4.) You’re the last 4000 people of humanity. You’re living in a space station that’s wearing thin, that’s about to run out of oxygen. But instead of using your resources and manpower, you kill them when they commit a minor crime/when they find out a flaw in the station’s system that would result to its eventual breaking down/when they use a little bit too much anaesthesia while saving someone from a fatal gunshot wound.
What. The. Flying. Fuck.
Seriously. What is wrong with you people? Are you seriously going to kill the experts who are pretty much the foundation of your entire community? An engineer who was able to find a flaw when nobody else was able to? A doctor who saved someone’s life? You seriously think a dose of anesthesia is much more important and worth the life and skills of someone else? What kind of drugs are you guys smoking????

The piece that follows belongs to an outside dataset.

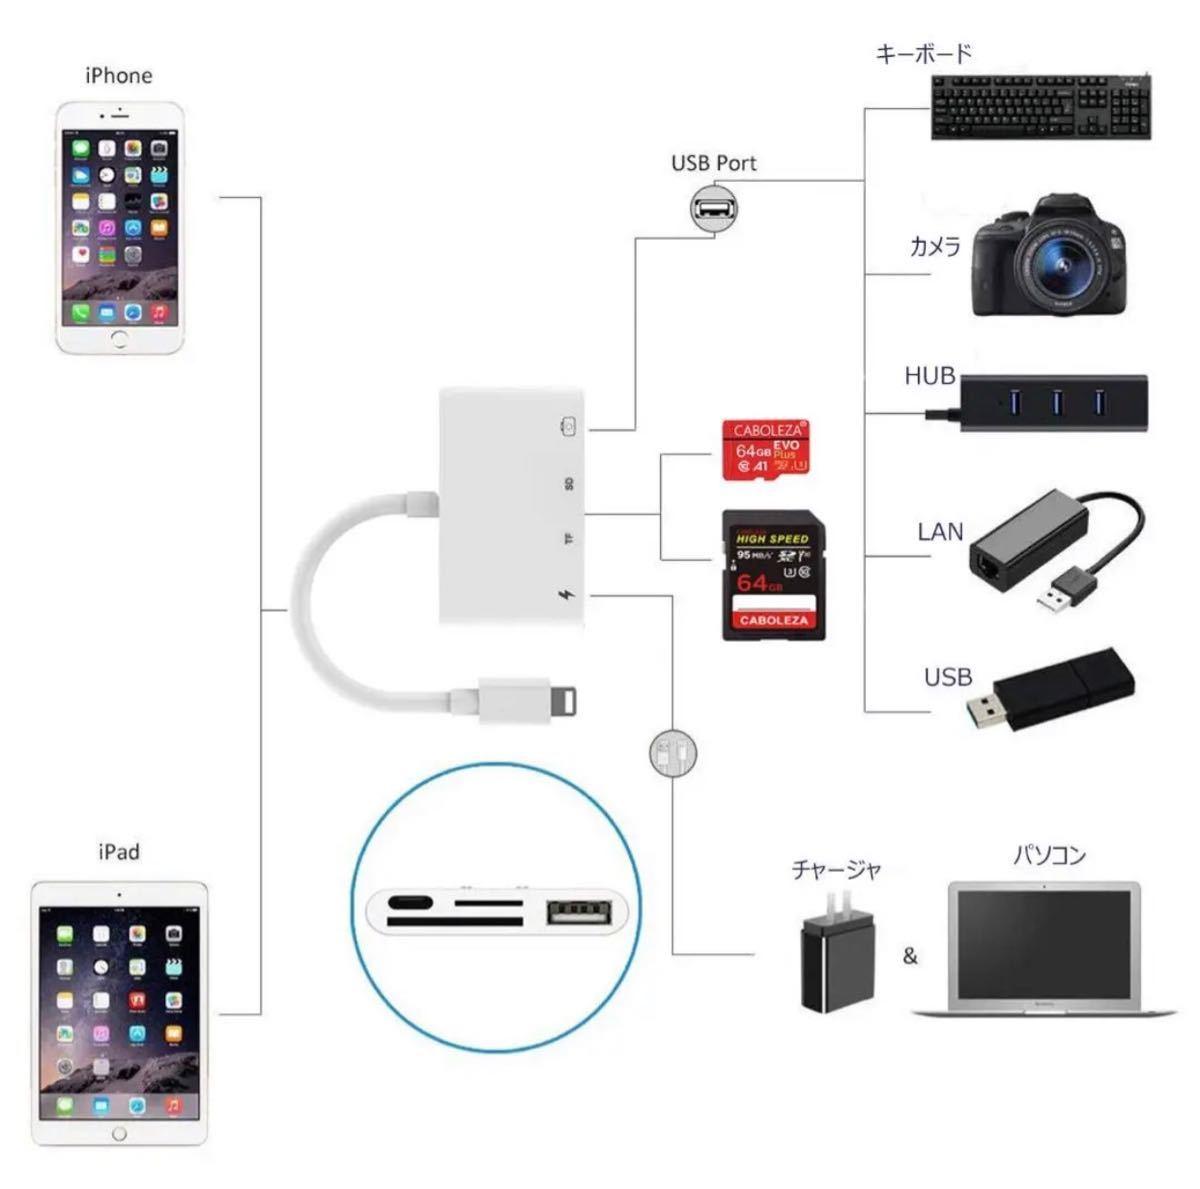 SD カード カメラリーダー カメラデータ移行 人気

And seriously, you’re putting your lives in the hands of a hundred delinquents? Why not send real experts who can really analyse data in the planet? Heck, with our technology today, you can guess the components of planets light years away and you can’t see radioactivity going on in Earth? Also, Geiger counter. Ever heard of it?
I’m not buying it, guys.
I am very unimpressed. The bad stuff overshadow the few good. Couple that with immature and juvenile writing, bad acting, seriously cliché tropes, big plotholes, and it all comes down to one more TV show that thinks the viewers are a mindless audience. Gone are the days when sci-fi used to be awesome. Gone are the days when sci fi shows were well though-out, with an intelligent plot and intelligent dialogue. I’m still going to continue this series, with a very dim hope it will get better. I’m not betting on it though.